Covid: not caused by real estate, but still… 

While the covid-19 pandemic of 2020 was certainly not caused by real estate exposures, the IMF says it still poses risks to financial stability due to the sheer size of sector, and the fragile economic outlook.

Globally, commercial real estate assets totaled 20 percent of GDP (at the end of 2019) across most major advanced and emerging economies, and up to 50 percent or more in some economies (the IMF offers Singapore, Sweden and Switzerland as examples). Banks, they note, are strongly exposed to the sector, with direct lending for commercial real estate accounting for more than 50 percent of total bank lending to non-financial companies as of 2019. In the U.S. alone, more than 165 percent of regulatory capital among smaller banks (i.e., those with assets of less than $100 billion) committed to commercial real estate and construction lending (compared to 50 percent for large banks), pointing to significant risks at the local or regional level that could become systemic at scale.

Prior to covid-19, the IMF notes, median commercial real estate prices rose across many economies, with real prices nearly doubling in the U.S. and Sweden in the post-GFC decade from 2009-2019, driven by a low interest rate environment, which encouraged investors to seek higher investment returns in asset classes like real estate.

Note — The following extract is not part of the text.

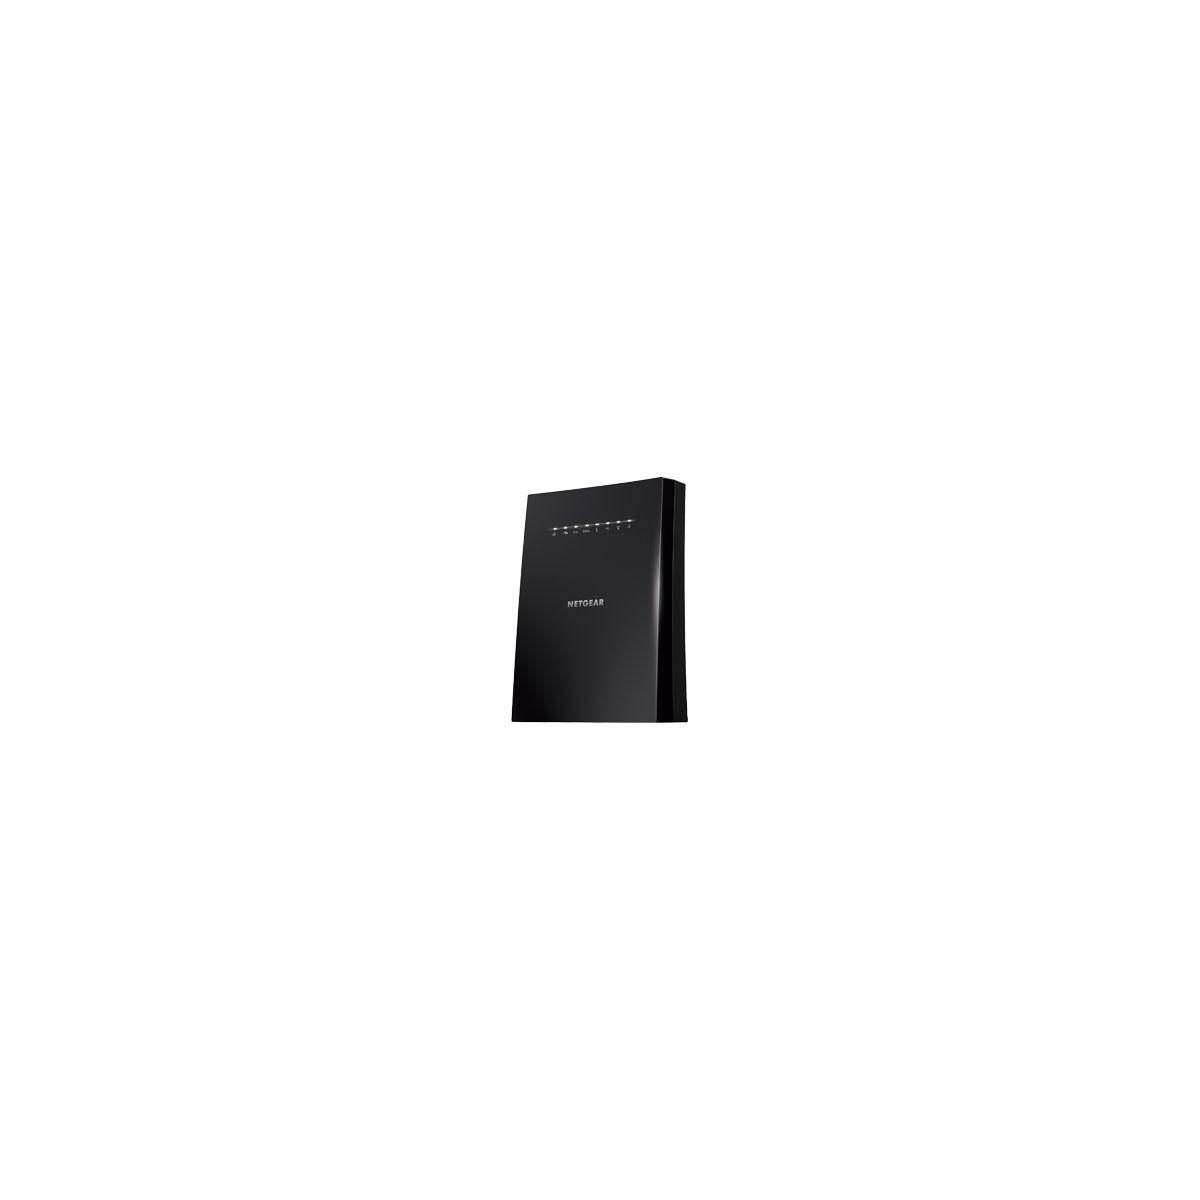 Répéteur NETGEAR Wifi Tri-Band X6S Nighthawk AC3000

While the IMF says that most economies did not enter the pandemic with explicit signs of overvaluation, commercial real estate price misalignments have increased since 2020, with lower median real estate prices met by a similarly large drop in aggregate demand and net income, neither of which has been fully offset by aggressive monetary easing by central banks.

“By and large, these findings suggest that the covid-19 pandemic has resulted in a large shock to commercial real estate market fundamentals, affecting both supply and demand,” the IMF writes. “While some of the factors are conjunctural, related to the recession and the pandemic, others may be reflective of underlying structural changes to come in the commercial real estate market and the economy at large. In this environment, commercial real estate prices may not yet fully reflect these changes, especially in light of the huge uncertainty about the economic outlook, making an assessment of price misalignments more challenging.”

Per the IMF, a permanent increase in the commercial real estate vacancy rate of just 5 percentage points would have an impact twice as large on bank capital (which could, in turn, undermine financial stability). Such a move would also, according to IMF modeling, lead to a median drop in real estate fair values of 15 percent after five years.

What are we supposed to do about this? 

In the near term, the IMF says “policy support to maintain the flow of credit to non-financial companies and stimulate aggregate demand remain essential to facilitate a recovery of the sector and preserve financial stability.” The fund urges that borrower support measures including debt repayment relief, credit guarantees, and direct support be maintain until economic recovery is firmly established.

In the longer-term, tighter targeted measures–such as caps on loan-to-value or debt-service-to-income ratios specific to commercial real estate, or limits on bank exposure to commercial real estate–could be effective. So, too, could borrower-based measures for residential real estate, due to their impact on the broader multifamily commercial real estate segment.

Finally, commercial-real-estate-related systemic risks from non-bank financial institutions demand “urgent” attention, by “broadening the reach of macro prudential tools and granting macro-prudential powers to relevant supervisors as well as by enhancing data collection.”